News release from the City of Edmonton
Overview of the City of Edmonton’s information in Court about its response to homeless encampments
- While numbers of shelter beds and unhoused persons vary from day to day, Edmonton’s shelters have had excess capacity throughout 2023, with even more capacity available in 2024. In periods of extreme demand, capacity can be scaled upwards immediately. A person seeking indoor shelter in Edmonton will never be left without an indoor place to shelter.
- Edmonton’s shelter system supports and accommodates persons with diverse backgrounds and lived experiences, including persons who use drugs, all genders and sexualities, all religions, couples, and persons with disabilities. Edmonton has Indigenous-led shelter spaces, women-only spaces, and specialized shelter programming for Indigenous persons who have experienced trauma.
- Outdoor sheltering poses severe dangers to the unhoused. Evidence will be presented of examples of gang victimization, armed robbery, physical and sexual assault, sexual exploitation, sanitation issues leading to disease, frostbite and cold-weather injuries, and fatalities caused by tent and encampment fires. These risks will be shown to be attributable to outdoor sheltering, not the removal of encampments.
- In the last five years, Edmonton Fire Rescue Services has reported at least seven deaths and 26 injuries from 276 fires that could be attributed to tents or encampments. This number is likely a significant underestimate due to the challenges inherent in investigating these types of fires.

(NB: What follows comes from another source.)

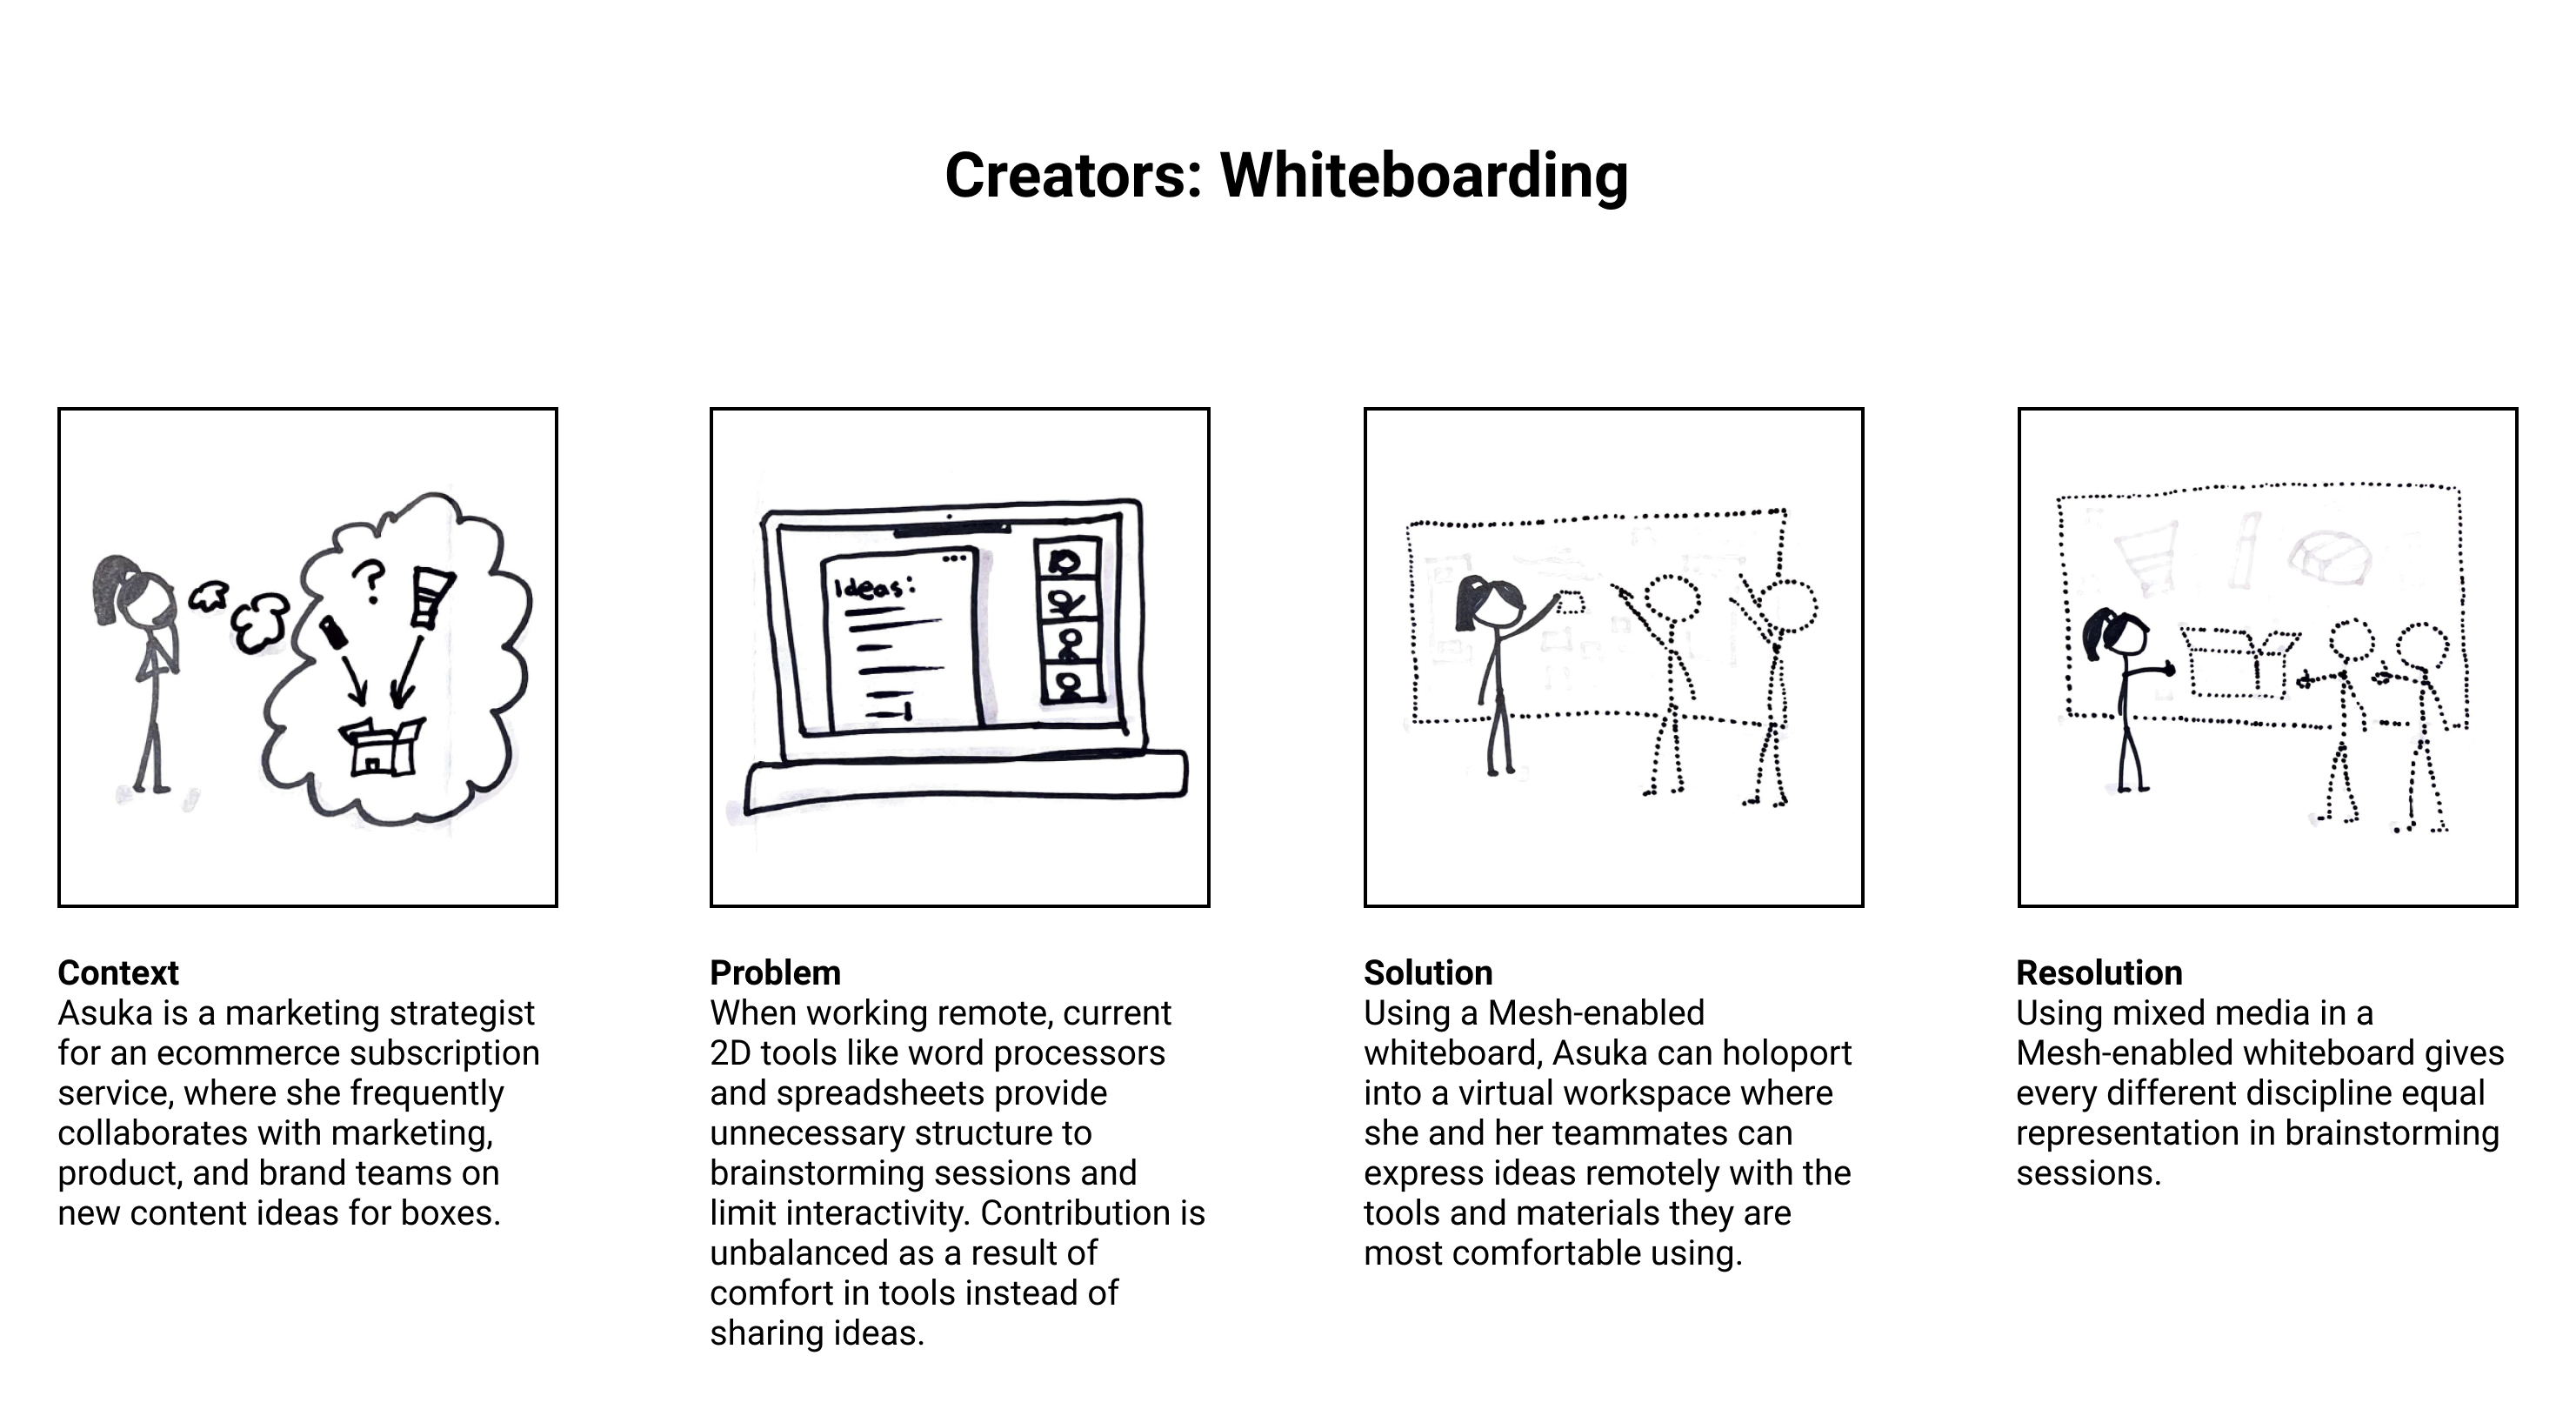 Creators can use MR to improve interactive brainstorming

- Expert medical evidence from Alberta’s former Chief Medical Officer of Health will be presented showing that encampments increase potential communicable disease transmission and fire- and violence-related injuries when compared with emergency shelters.
- Encampments can pose a danger to the community at large. Evidence will be presented of violence arising from encampments, accumulations of human feces, biohazardous waste, weapons and drug paraphernalia surrounding encampments, uncontrolled fires and propane cylinder explosions, and examples of wildfires starting at encampments in Edmonton’s natural areas.
- The number of complaints from members of the public has significantly risen over the last number of years. Between January 1, 2023 and October 22, 2023, there were 13,683 complaints from concerned Edmontonians.
- Encampment closures are evaluated on a risk matrix. This is an attempt to respond to community concerns, ongoing damage to the environment and infrastructure, as well as the inherent dangers in outdoor encampments. When camps are first assessed and again when closed, offers are made to take individuals to a shelter. As well, during the encampment closure process, opportunities are provided for individuals to connect with various community organizations supporting the unhoused.
- Evidence will be presented on the impacts associated with Camp Pekiwewin (2020). The City has been provided evidence of physical and sexual violence, gang violence, sex trafficking, sanitation and biological health hazards for occupants of Camp Pekiwiwin. Evidence provided by residents of the Rossdale community shares examples of violence and physical assault, theft of property, residents leaving the community for their own safety, vandalism, fire, and significant River Valley damage due to firewood cutting by encampment occupants.